Distribution of endogenous apoprotein B-containing lipoproteins in normal and injured aortas of normocholesterolemic rabbits.

The distribution of endogenous apolipoprotein B (apo B) was studied in both normal and balloon catheter-injured aortas of standard fed rabbits. Using light and electron microscopy, the distribution within entire aortic walls and individual tissue compartments was investigated by immunocytochemistry using an antibody raised against rabbit apo B. The concentration of apo B across the vessel wall dropped sharply from the luminal front towards the media of the normal aortas. The strong superficial reaction was mainly due to a heavy, yet specific, labelling of endothelial cells.

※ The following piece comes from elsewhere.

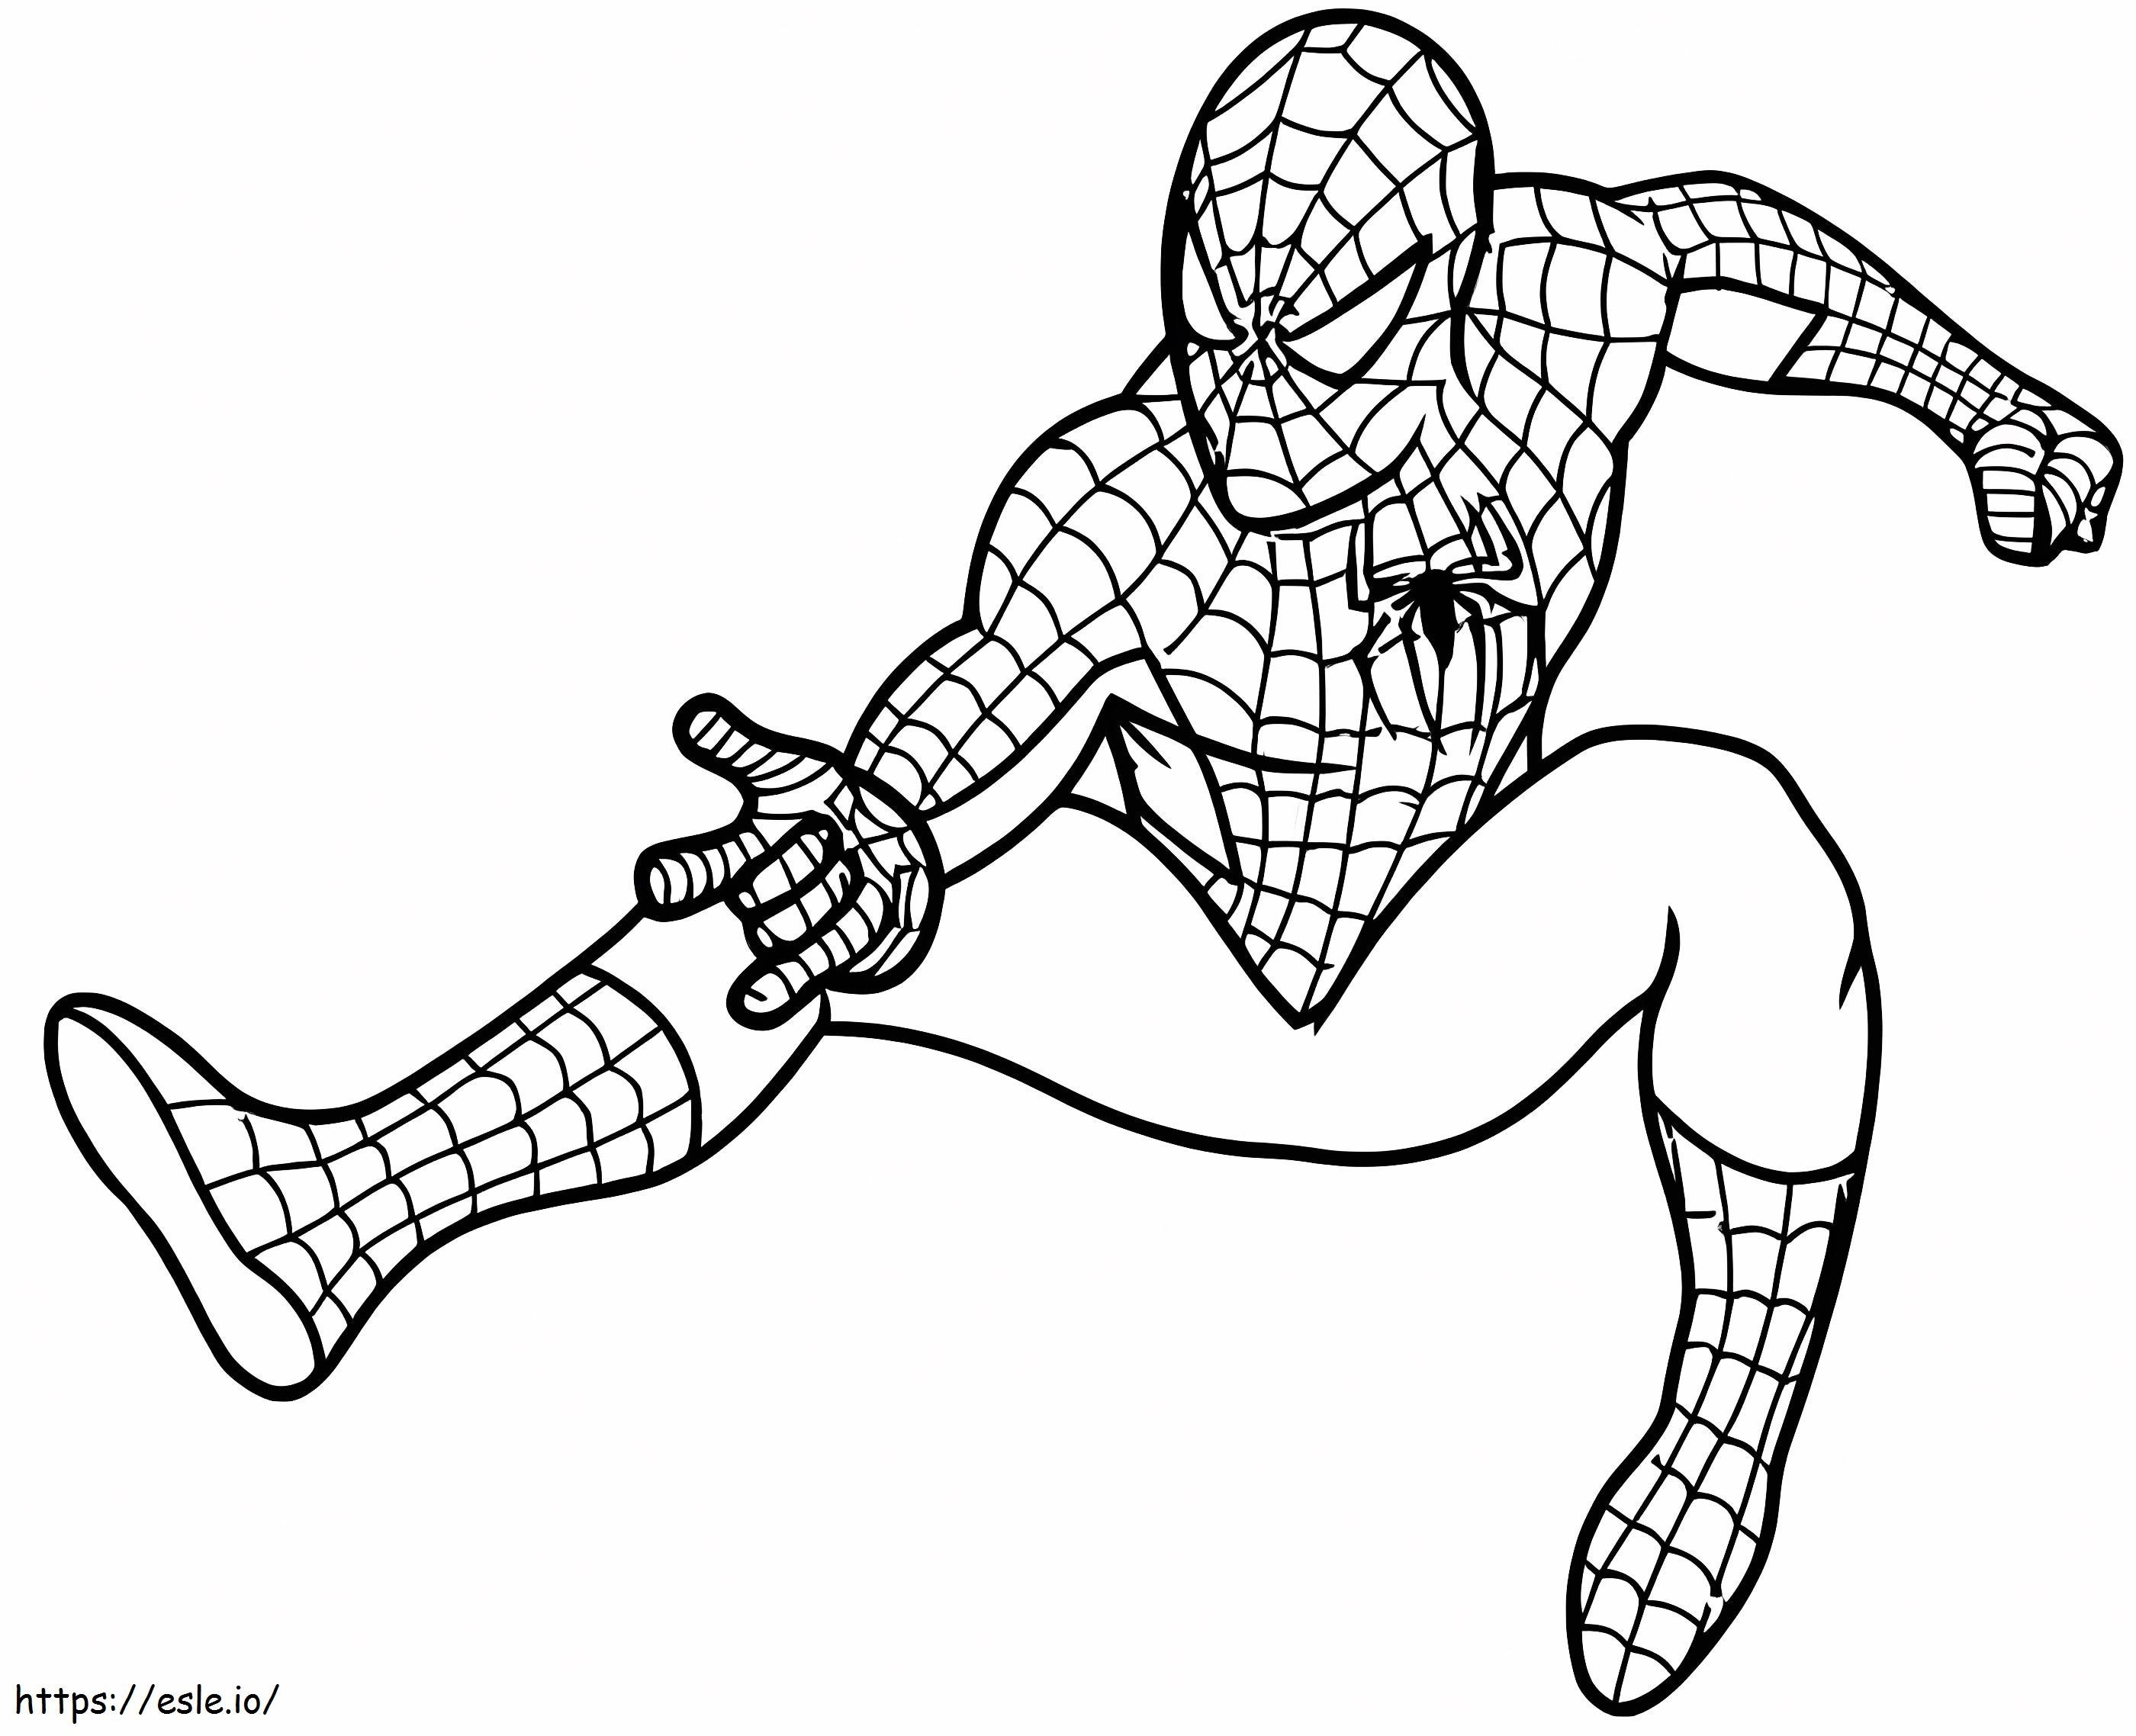 Coloriage Images gratuites de Spider Man à imprimer dessin

Significant concentrations of apo B were also detected within the innermost regions of the extracellular space. The characteristics associated with the labelling of the intimal layer suggested an intense uptake and transcellular transport of apo B by endothelial cells. In contradistinction, normal smooth muscle cells did not appear to be labelled. In the previously injured aortas, the same features of strong superficial apo B labelling were present in the areas covered by regenerated endothelial cells, but not in those persistently deendothelialized. The smooth muscle cells of these regions appeared to show a low uptake of apo B. The increased concentrations of apo B in deeper interstitial areas of injured aortas, indicated the contribution of the extracellular matrix to apo B accumulation. This was especially prominent in the advanced lesions, selectively developed within neointima covered by regenerated endothelium. A rather uniform labelling pattern accompanying small lipid particle deposits, suggested a direct extracellular accumulation of circulating lipoproteins. Intensely labelled foam cells and irregularly distributed apo B within areas of cellular necrosis were detected as well. Injury-mediated responses of the cellular and extracellular aortic components can trigger the development of lipoprotein accumulations characteristic of atherosclerosis within aortas of normocholesterolemic animals.